Yesterday the topic of creation was discussed in detail in gospel doctrine class. The teacher quoted Nibley extensively. The bishop himself spoke about Henry Eyring the scientist and how the scientific worldview of 19th century mormon leaders is not doctrine. I piped up on theistic evolution. The whole class seemed to nod in agreement. Not one person had anything but a progressive view that sought to harmonize and hybridize the science and the faith.

I have never in church seen how modern views on science and evolution "make it difficult" to be a member.

I live in a middle class, average-educated, suburban ward in Las Vegas.

So where, exaclty are these "19th century magic worldview" tribunal wards that are openly hostile to science and bring up gospel galileos on charges of heresy?

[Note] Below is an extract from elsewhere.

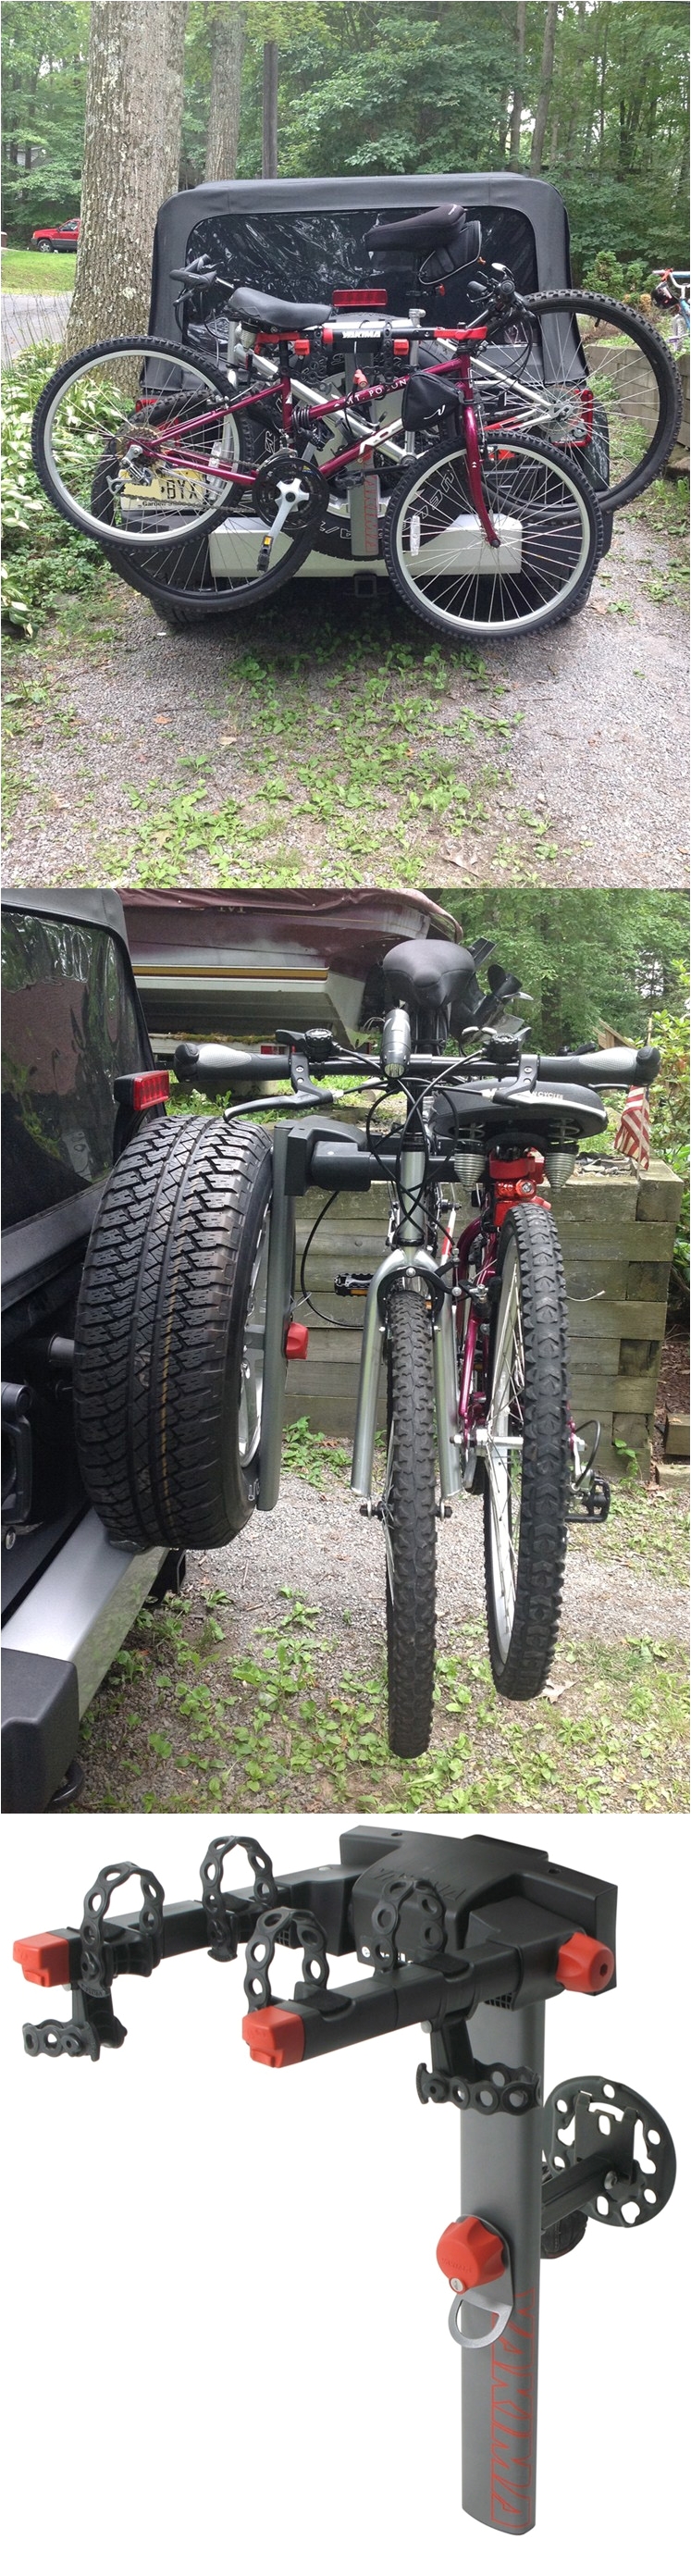 securely mount this bike rack to the spare tire of the jeep wrangler jeep bike rack thule grand cherokee reviews wrangler

Like I stated. I don't think adapting 19th century science is a requisite for the members.

Now you have made a caricature of my position. I don't believe that members would be openly hostile (well, excepting Droopy of course), nor would a member be brought up on "heresy", but certain doctrines do lend themselves to scientific deconconstruction with the introduction of 21st century science. An example would be a literal God with a literal body fashioned in the shape of man (rather, man fashioned in the literal image of God). That doctrine was introduced before the knowledge of evolution and the long geological time frames of the earth.

Why...and how would God have a body that looked like man if evolution is random and not directed? I don't ask that to pose a critical challenge to you, but as an example of addressing doctrines along logical lines introduced by our knowledge of science in the 21st century.

Do you think it would be difficult to be a member if you found a God of "Flesh and bone" to be a logical absurdity? I don't think disagreement with that core belief would serve the member well. Do you?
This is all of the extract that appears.